Singledasein beenden? Die "Singlegesellschaft" aus Sicht moderner Paarberatung

In Deutschland gibt es immer mehr alleinstehende Menschen. Deswegen reden manche Psychologen bereits von einer „Singlegesellschaft“. Für die vielen Singles, die sich nach Nähe, Zweisamkeit und einer festen Partnerschaft sehnen, ist es jedoch höchstens ein geringer Trost, dass sie mit ihren Sehnsüchten nicht alleine sind. Und so mancher, der auch 2014 nicht die erhoffte Liebe gefunden hat, fragt sich, woran das gelegen haben könnte – und welche Möglichkeiten es gäbe, im neuen Jahr seine Chancen bei der Partnersuche zu verbessern und das Singledasein endlich hinter sich zu lassen.

Nicht selten fragen Singles einen Eheberater oder Partnertherapeuten um Rat. Auch in meiner Praxis sind nicht nur Paare willkommen, sondern alle Menschen, die mehr über sich, ihre Bedürfnisse und ihr Verhalten erfahren möchten, um an ihrer persönlichen Entwicklung und damit auch an ihrem künftigen Liebesglück aktiver mitschmieden zu können.
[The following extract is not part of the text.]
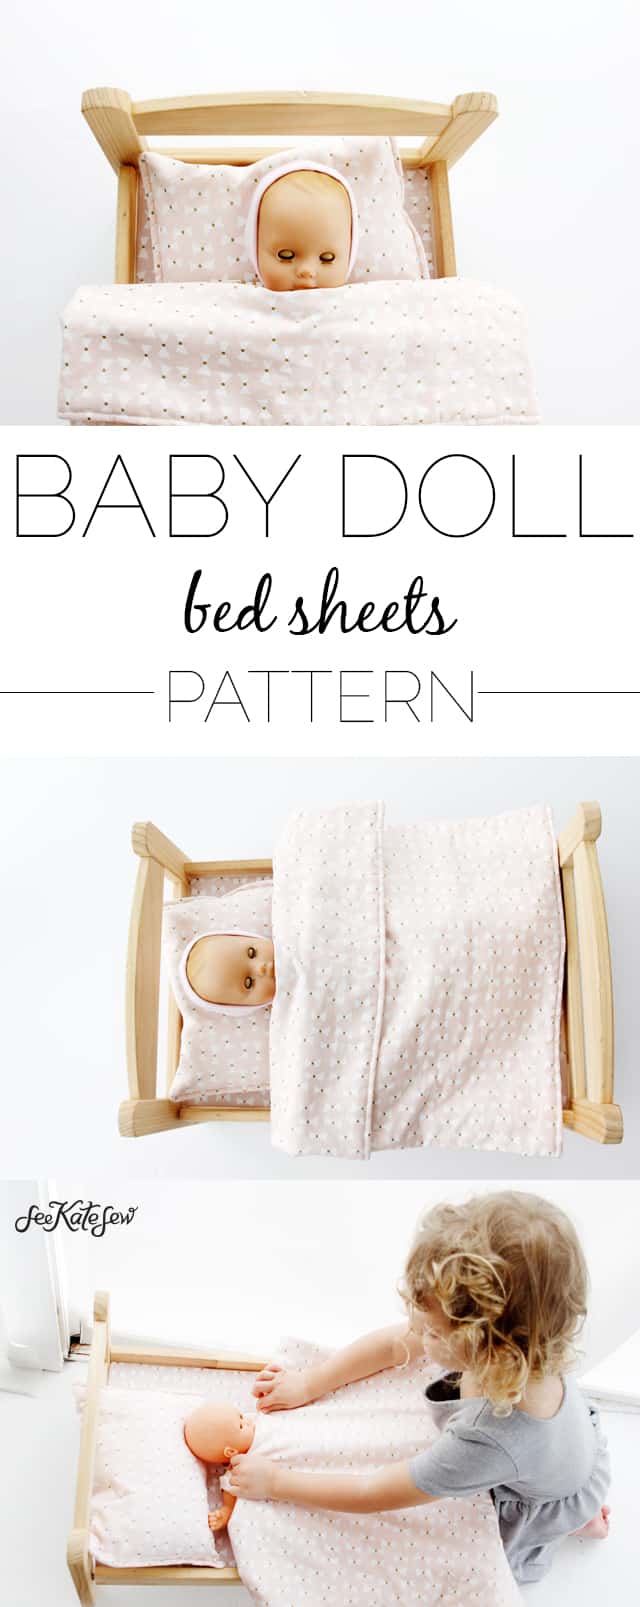 Doll Sheets Pattern | See Kate Sew

Oft geht es vor allem darum, die eigenen Ansprüche und Erwartungen genauer unter die Lupe zu nehmen und selbstkritisch zu hinterfragen. Denn viele Singles stehen sich bei der Suche nach dem geeigneten Partner selbst im Weg, ohne es richtig zu wissen.

Warum bin ich immer noch solo? – Wie Alleinstehende ihr Singledasein begründen 

In einer Gesellschaft mit immer mehr Singles bleiben natürlich auch Umfragen und Studien über die möglichen Gründe dieser Entwicklung nicht aus. Dabei liegt es nahe, die Betroffenen direkt zu fragen, wie sie sich selbst und ihre aktuelle Situation einschätzen. Woran liegt es wohl hauptsächlich, dass sie keine feste Beziehung haben oder trotz ihrer Bemühungen immer noch nicht den richtigen Partner finden?

Nach ihrer Selbsteinschätzung gefragt, führen Singles immer wieder ähnliche Gründe für ihre freiwillige oder unfreiwillige Soloexistenz an. Hier sind die zehn Argumente, die dabei am häufigsten genannt werden:

  1. Ich habe zu hohe Ansprüche und bin zu wählerisch bei der Partnersuche bzw. Partnerwahl.
  2. Ich liebe meine Unabhängigkeit und will meine Freiheit nicht verlieren.
  3. Ich habe mit meiner letzten Beziehung noch nicht abgeschlossen.
  4. Ich bin zu schüchtern bzw. zu häuslich, darum lerne ich nur schwer neue Menschen kennen.
  5. Ich bin beruflich und in der Freizeit so stark eingespannt, dass mir für die Partnersuche keine Zeit mehr bleibt.
  6. Mein Beruf bzw. meine Karriere ist mir im Moment wichtiger als eine feste Partnerschaft.
  7. Ich liebe zwar einen anderen Menschen, aber meine Liebe wird nicht erwidert bzw. es ergibt sich keine feste Beziehung.
  8. Ich fühle mich nicht attraktiv genug und glaube, wegen meines Aussehens keinen Partner zu finden.
  9. Andere Menschen haben Angst, sich auf eine Beziehung mit mir einzulassen, da meine Dominanz (Charakter, Erfolg, Bildung etc.) sie einschüchtert.
  10. Ich bin zu alt, um mich noch einmal zu verlieben bzw. auf dem Beziehungsmarkt Chancen zu haben.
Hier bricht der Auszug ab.